Tuesday, 26 June 2012

June 25th - The Importance of Birthday Cake

Dear Nigel,

It's one of those rights of passage through which we mark our lives, but birthdays figure large even when we make them small. For children they have an almost reverential significance. And, wobetide the mother who didn't think to bother with a birthday cake this year. Children will never forgive you. You will take their pained expresions to the grave with you - and they will never, ever forget. So beware. This applies mostly to 'older' children (of ANY age). They will always expect a cake.

Over the years i have made many, many Birthday cakes. Some people are gifted in the art of sugar decoration - the rest of us construct something of a Blue Peter model with playdough icing and bits of swiss roll and chocolate fingers stuck together, perhaps in the shape of Thomas the tank engine or a fairy princess castle.

My Jane Asher books of novelty cakes all seem so amazingly simple, but less so when you're there at three in the morning trying to create the same effect, wondering why you've just spent the last seventeen hours in purgatory when to pick one off the counter at Marks and Sparks would have been certainly worth every single penny. But no, you are doing this for your loved one, the apple of your eye, your little cherub - and they had better bloody well appreciate all your effort.

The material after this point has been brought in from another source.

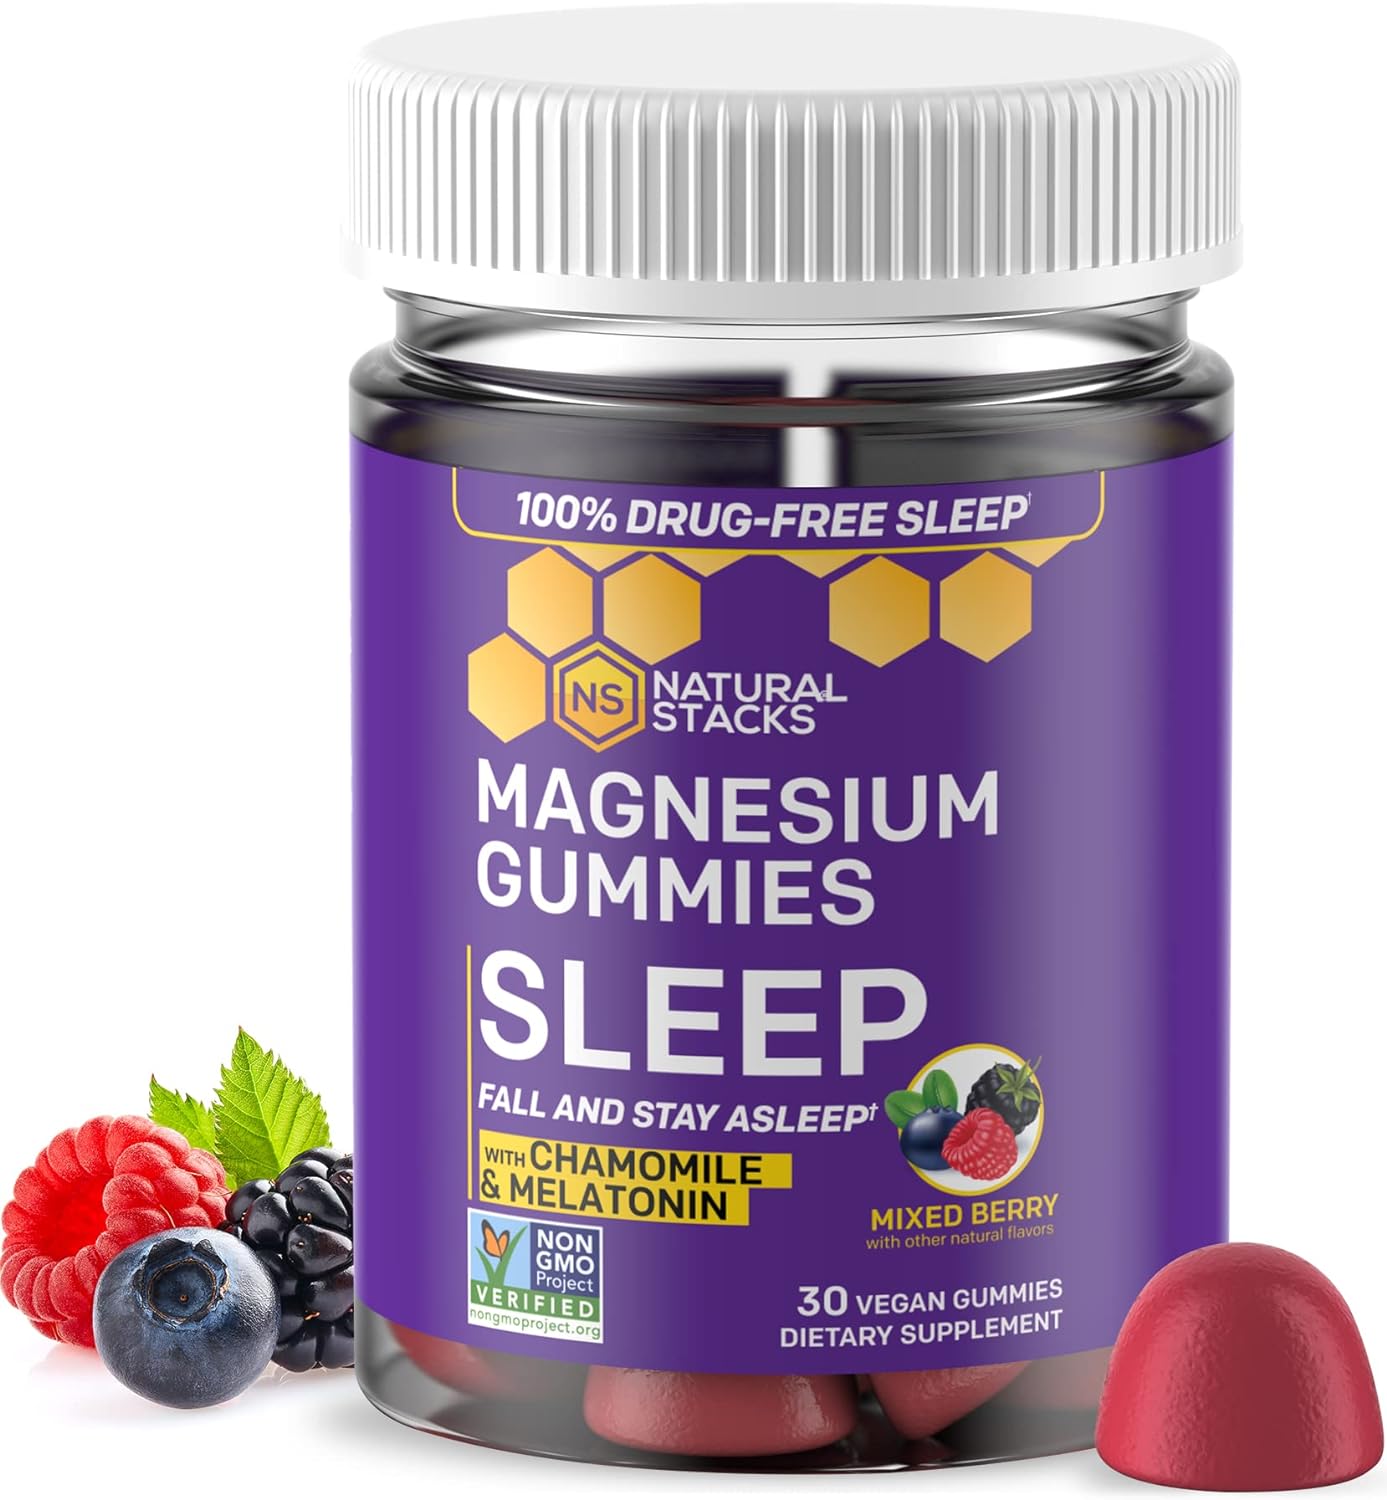 Natural Stacks Sleep Magnesium Gummies - Premium Drug Free Sleep Aid with Melatonin - Magnesium Citrate Gummies for Sleep Quality - Magnesium Gummies for Adults with Chamomile - 30 Mixed Berry Gummies

And, strangely enough, they do. They love the lopsided writing of their name, the way the candles slide off the cake and drip every where. They appreciate your effort even when it goes ever so slightly wrong. I remember one year making the most spectacular rocket cake for Chris when he was about eight. It was about three feet tall with different sections and engines firing at the base. It looked perfect. And as i gazed at it with an ever-so-slightly self-congratulatory smile, i suddenly remembered that the party was being held at the village hall at the other end of the village and i had now to transport this three foot cake all the way there as it was fully-assembled. (Most of it made it there, anyway.)

When the Birthday cake is for an adult or older teenager it is mostly about the taste, but when it is for younger ones looks are everything. I think you could get away with icing a cardboard box as long as you stuck candles on it and took it away rapidly and sliced something up into paper napkins in the back room to put into take home bags. And is it ever eaten anyway? or just squashed and nibbled and thrown aside in favour of a small chocolate bar and a plastic novelty toy.

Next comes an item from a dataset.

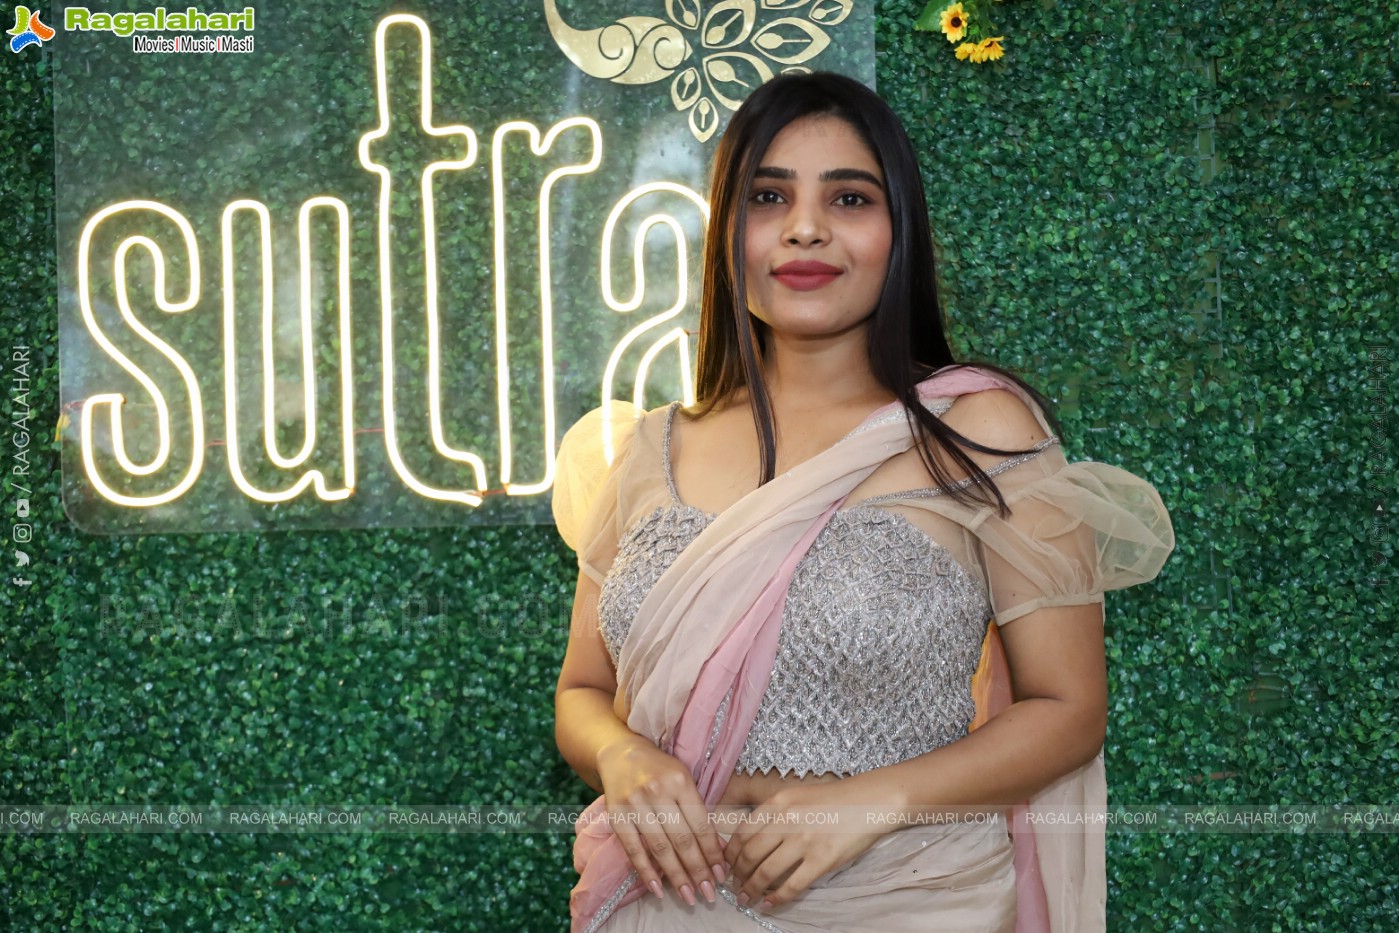 Sutraa Exhibition, Hyderabad Inaugurated by Actress Keerthi keshav bhat

As Sophie and Molly are almost exactly twelve months apart, i thought this year to make a joint party. This took more than a little selling to Sophie who obviously thought she was being ripped off somehow and that Molly would get more, having a whole Birthday too on another day. I almost suggested a shared Birthday cake, but thought better of it: that almost certainly would have been the last straw. So i'm making two cakes for the price of one and averting another world war. (She's still in the corner muttering about who should get the presents and whether she's even going to invite Molly at all.)

While small children tend to have definite ideas about what shape of cake they want - a pirate ship, a teddy bear, a castle - older members of the household often have definite ideas too. There are those, like Hannah, who will have anything as long as it's a chocolate cake of some sort. I like fresh fruit and cream or a plain non-sweet ganache filling. And others, like Will, just want a very plain cake but their very favourite. He likes lemon drizzle cake (and you can't get plainer than that). But if that's what he wants, that's what he wants, and candles will fit on any kind of cake. I often make him two - one to share and one to smuggle away.

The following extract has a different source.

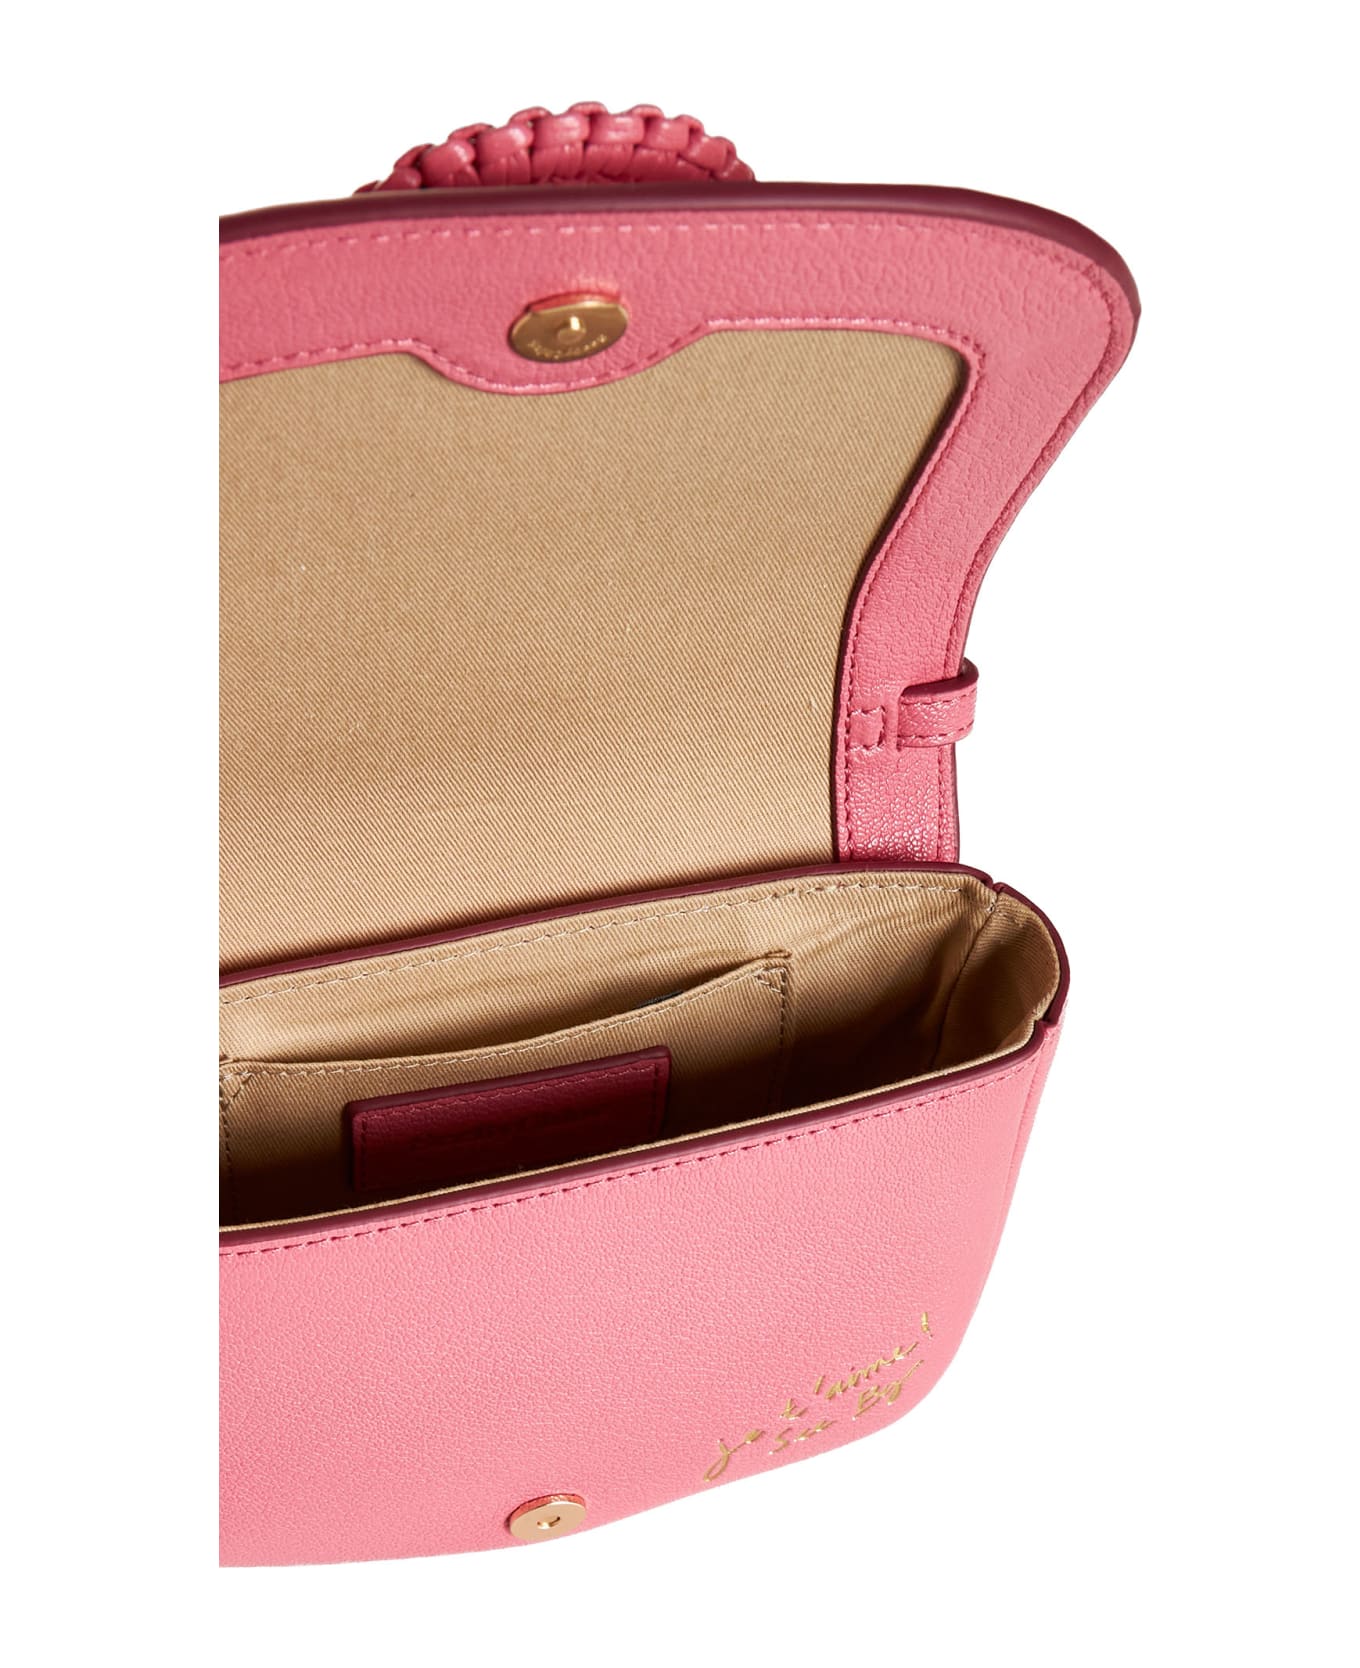 See by Chloé Shoulder Bag - Pushy pink

You are making a wonderful- looking strawberry mascarpone tart. In truth, almost anything covered in slices of luscious red strawberries would have that necessary wow factor as far as i'm concerned. The base of the tart is crushed sweet oat biscuits and you observe wryly that you 'want it to be more crumbly than the average cheesecake bottom, which can vary from the rock hard to the down-right impenetrable.' We've all been there with the pneumatic drill trying to bore through to the bone china plate beneath. The filling is a rich custard cream made with eggs, sugar and mascarpone with a little vanilla extract mixed in. I am very fond of vanilla bean paste which you can also get. I like the addition of tiny seeds added to a custard.